=== Begin Enclosure ===
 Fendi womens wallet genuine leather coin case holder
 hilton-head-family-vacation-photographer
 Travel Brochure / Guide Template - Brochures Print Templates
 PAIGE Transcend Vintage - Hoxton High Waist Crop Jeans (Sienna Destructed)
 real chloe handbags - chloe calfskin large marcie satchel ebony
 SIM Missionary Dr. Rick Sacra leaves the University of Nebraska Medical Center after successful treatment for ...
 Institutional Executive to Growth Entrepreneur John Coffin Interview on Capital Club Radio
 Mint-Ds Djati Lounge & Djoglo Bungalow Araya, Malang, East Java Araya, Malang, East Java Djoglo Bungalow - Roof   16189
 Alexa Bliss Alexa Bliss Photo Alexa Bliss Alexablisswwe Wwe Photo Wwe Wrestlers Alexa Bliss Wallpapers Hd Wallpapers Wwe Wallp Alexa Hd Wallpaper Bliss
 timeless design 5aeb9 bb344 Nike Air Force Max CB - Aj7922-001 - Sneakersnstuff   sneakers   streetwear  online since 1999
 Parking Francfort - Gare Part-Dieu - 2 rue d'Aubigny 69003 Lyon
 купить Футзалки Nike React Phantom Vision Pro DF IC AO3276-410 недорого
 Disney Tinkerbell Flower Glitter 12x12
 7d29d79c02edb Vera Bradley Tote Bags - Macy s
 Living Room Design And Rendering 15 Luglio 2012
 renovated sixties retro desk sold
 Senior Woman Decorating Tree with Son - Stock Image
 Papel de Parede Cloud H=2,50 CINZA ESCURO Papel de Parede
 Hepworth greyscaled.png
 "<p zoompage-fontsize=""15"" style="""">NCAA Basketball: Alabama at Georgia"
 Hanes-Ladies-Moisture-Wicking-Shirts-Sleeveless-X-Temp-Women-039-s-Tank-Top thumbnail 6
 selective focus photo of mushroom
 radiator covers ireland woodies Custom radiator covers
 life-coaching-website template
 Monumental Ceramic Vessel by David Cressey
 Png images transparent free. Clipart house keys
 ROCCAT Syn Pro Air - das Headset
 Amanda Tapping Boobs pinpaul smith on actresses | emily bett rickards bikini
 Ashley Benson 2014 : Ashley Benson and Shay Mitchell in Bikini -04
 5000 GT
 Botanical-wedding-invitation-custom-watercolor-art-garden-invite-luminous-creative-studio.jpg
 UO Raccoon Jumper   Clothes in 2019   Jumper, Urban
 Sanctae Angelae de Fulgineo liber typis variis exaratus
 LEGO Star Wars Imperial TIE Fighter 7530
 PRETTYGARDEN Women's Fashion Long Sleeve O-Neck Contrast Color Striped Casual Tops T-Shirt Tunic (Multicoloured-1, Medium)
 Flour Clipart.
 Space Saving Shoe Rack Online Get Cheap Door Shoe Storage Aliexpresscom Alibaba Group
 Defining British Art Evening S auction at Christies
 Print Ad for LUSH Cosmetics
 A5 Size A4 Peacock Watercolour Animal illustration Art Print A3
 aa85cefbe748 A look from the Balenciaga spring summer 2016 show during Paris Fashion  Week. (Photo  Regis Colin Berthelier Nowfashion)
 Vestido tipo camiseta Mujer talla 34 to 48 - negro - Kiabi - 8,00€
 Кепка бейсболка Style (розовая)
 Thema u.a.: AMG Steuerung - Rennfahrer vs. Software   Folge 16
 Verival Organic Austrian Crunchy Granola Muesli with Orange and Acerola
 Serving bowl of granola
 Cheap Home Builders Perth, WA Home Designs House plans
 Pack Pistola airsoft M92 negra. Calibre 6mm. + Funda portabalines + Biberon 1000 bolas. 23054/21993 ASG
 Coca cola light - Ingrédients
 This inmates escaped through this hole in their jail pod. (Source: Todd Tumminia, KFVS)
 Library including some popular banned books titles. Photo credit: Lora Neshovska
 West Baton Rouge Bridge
=== End Enclosure ===
**EXERCISE GOAL**:
In the listing above, how many lines include the string "Fashion"? Reply with the number alone.

**TASK OUTPUT**:
2